-------- COLLECTED DATA --------
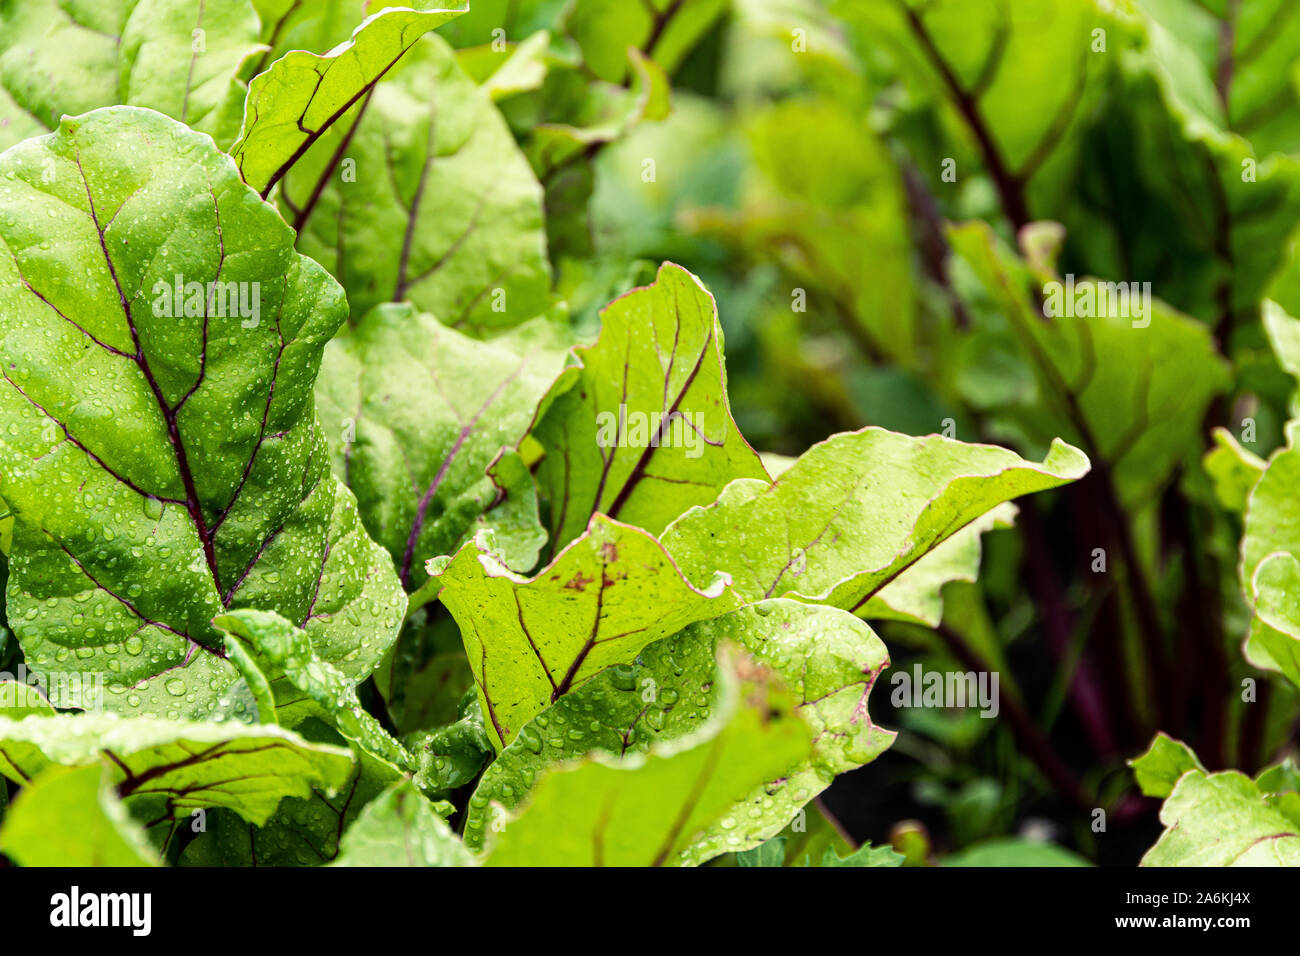 Les feuilles de betterave dans le jardin. Betteraves en croissant pour le jardin alimentation saine, menu végétarien. Banque D'Images
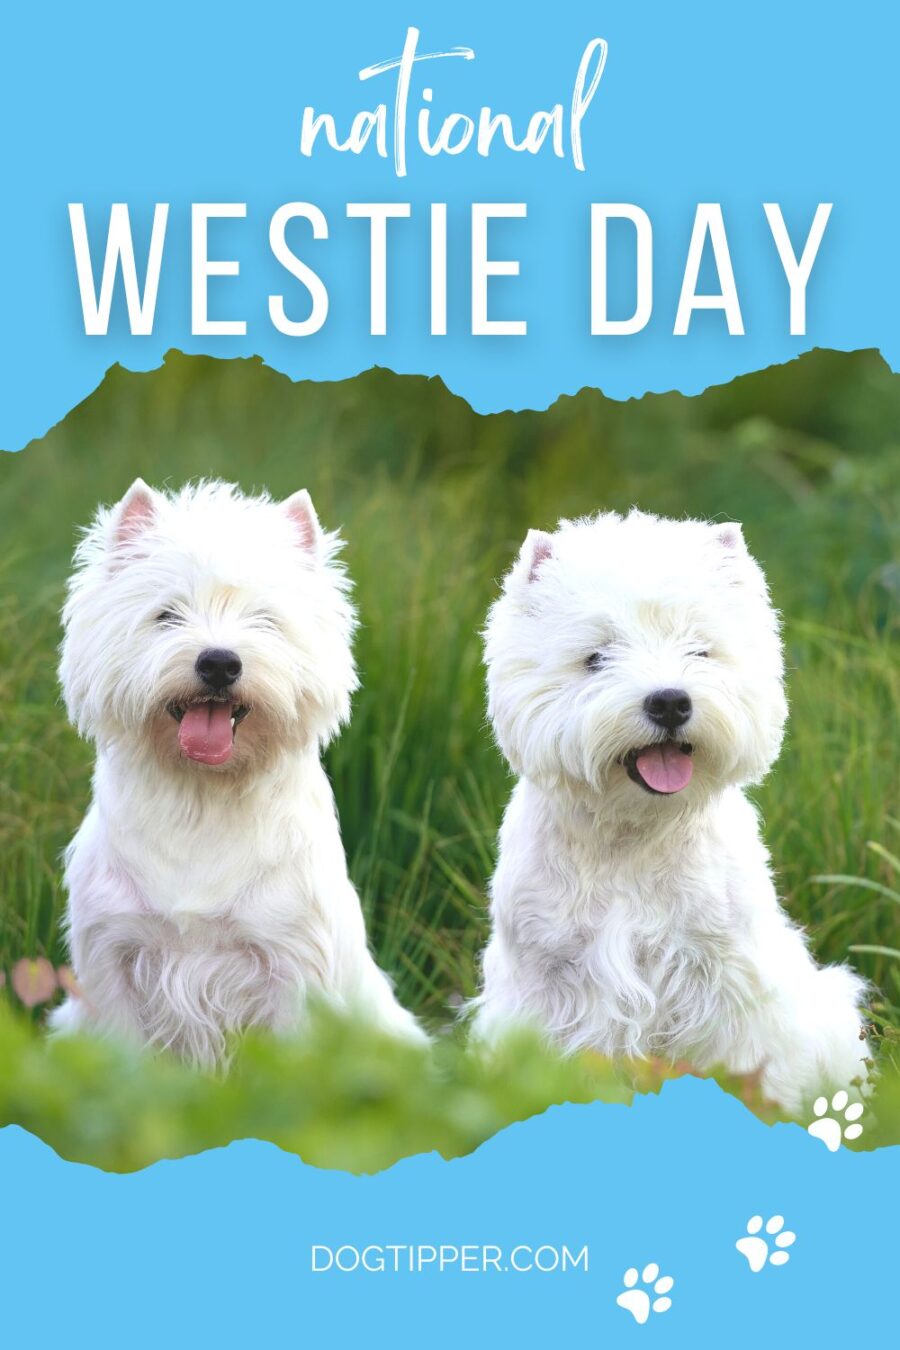 Día Nacional de Westie, una celebración anual de mascotas que celebra el West Highland White Terrier
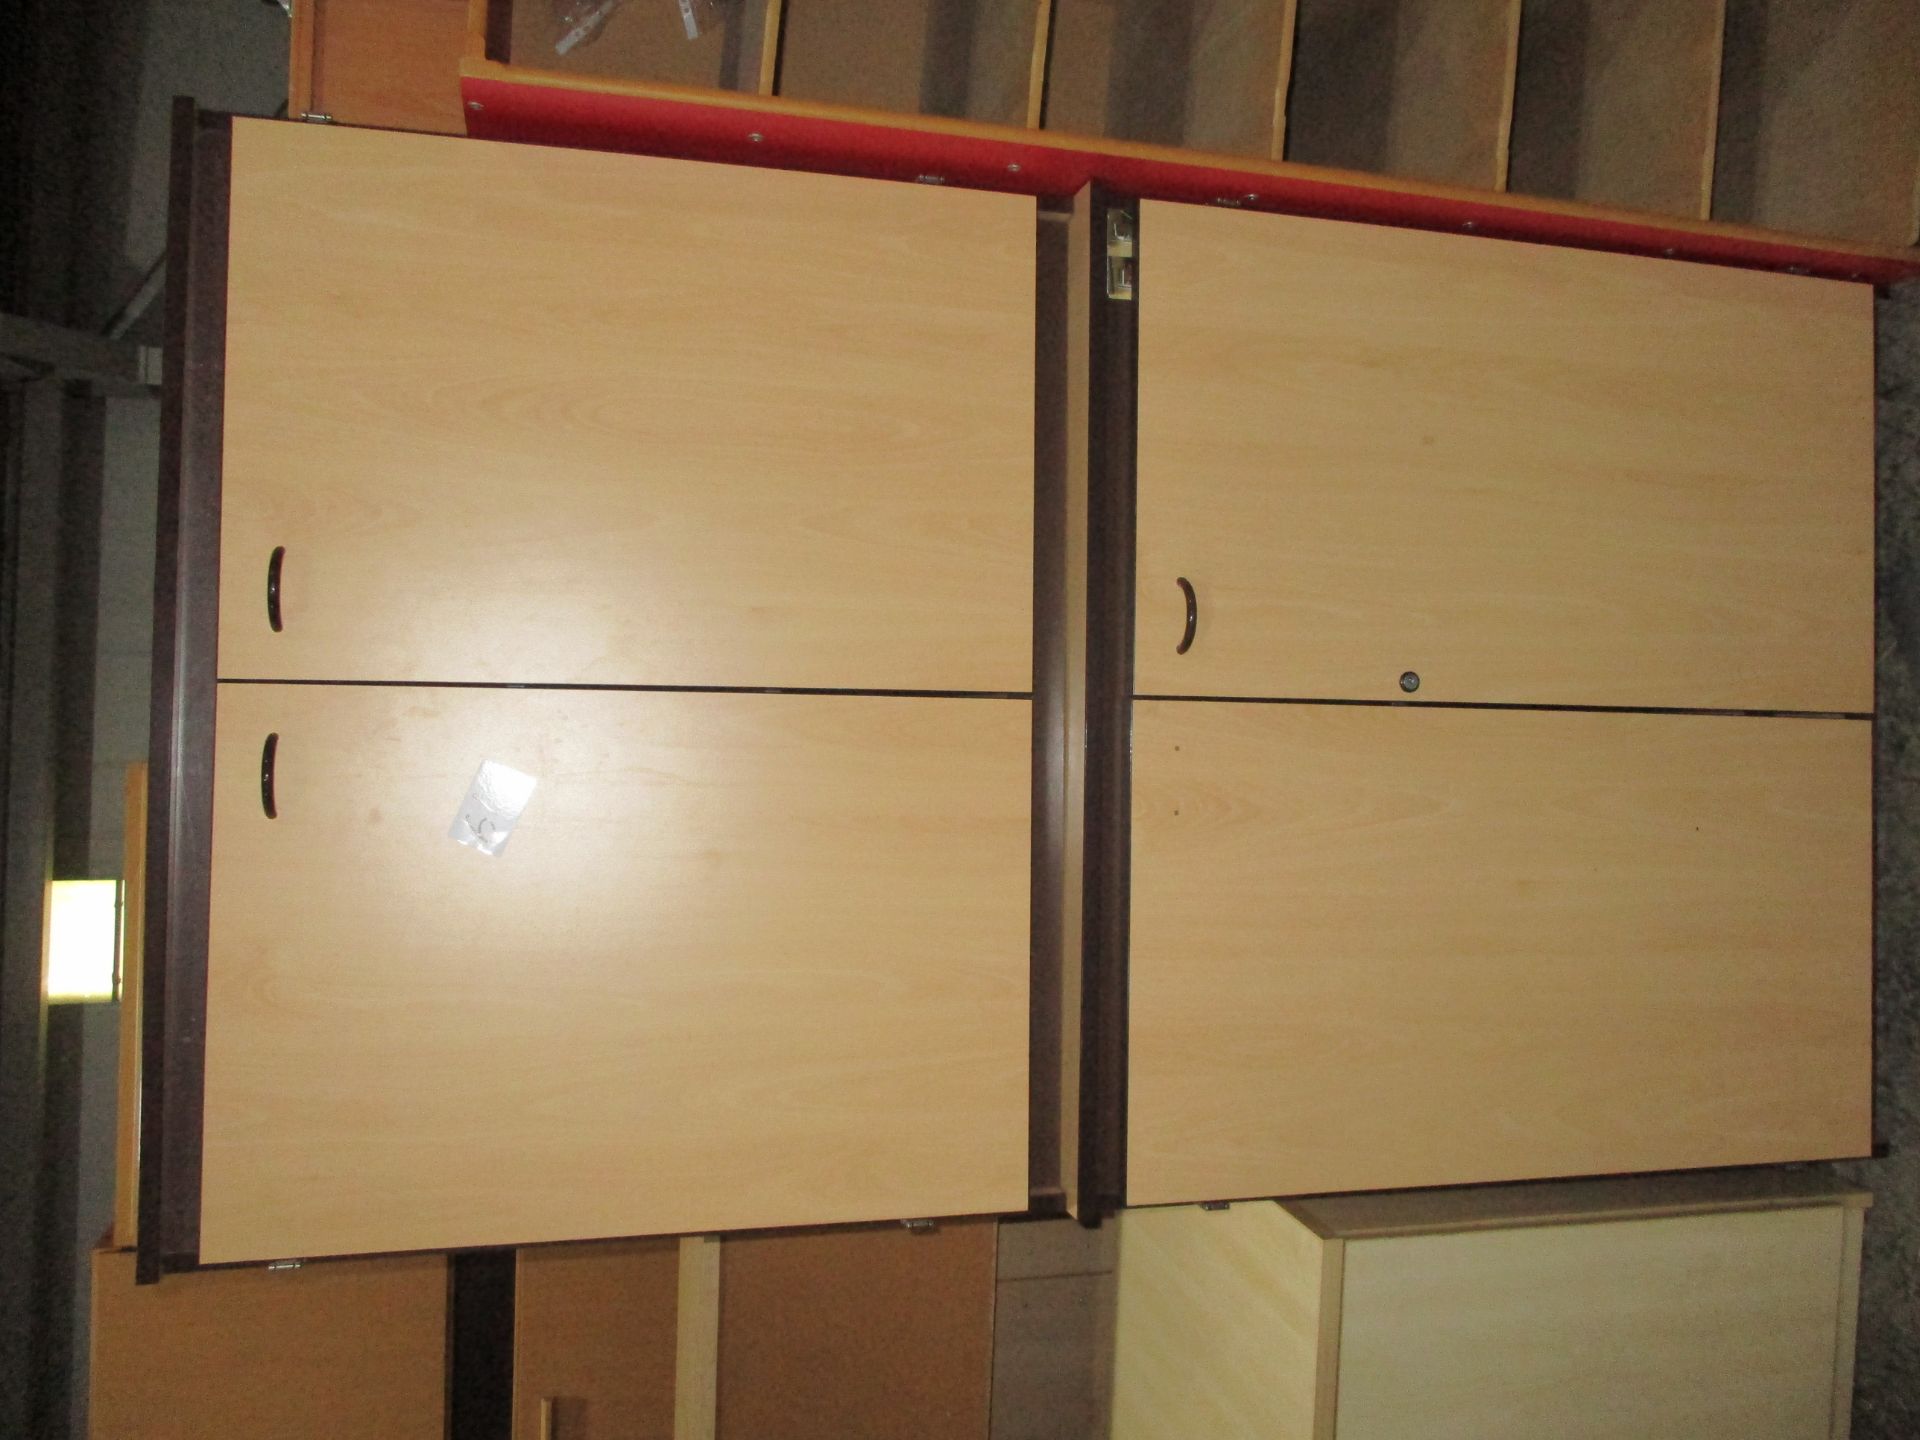 2 X Storage Cupboards
--------
Write out the material above exactly, and omit the pictures it holds.

 Les feuilles de betterave dans le jardin. Betteraves en croissant pour le jardin alimentation saine, menu végétarien. Banque D'Images
 Día Nacional de Westie, una celebración anual de mascotas que celebra el West Highland White Terrier
 2 X Storage Cupboards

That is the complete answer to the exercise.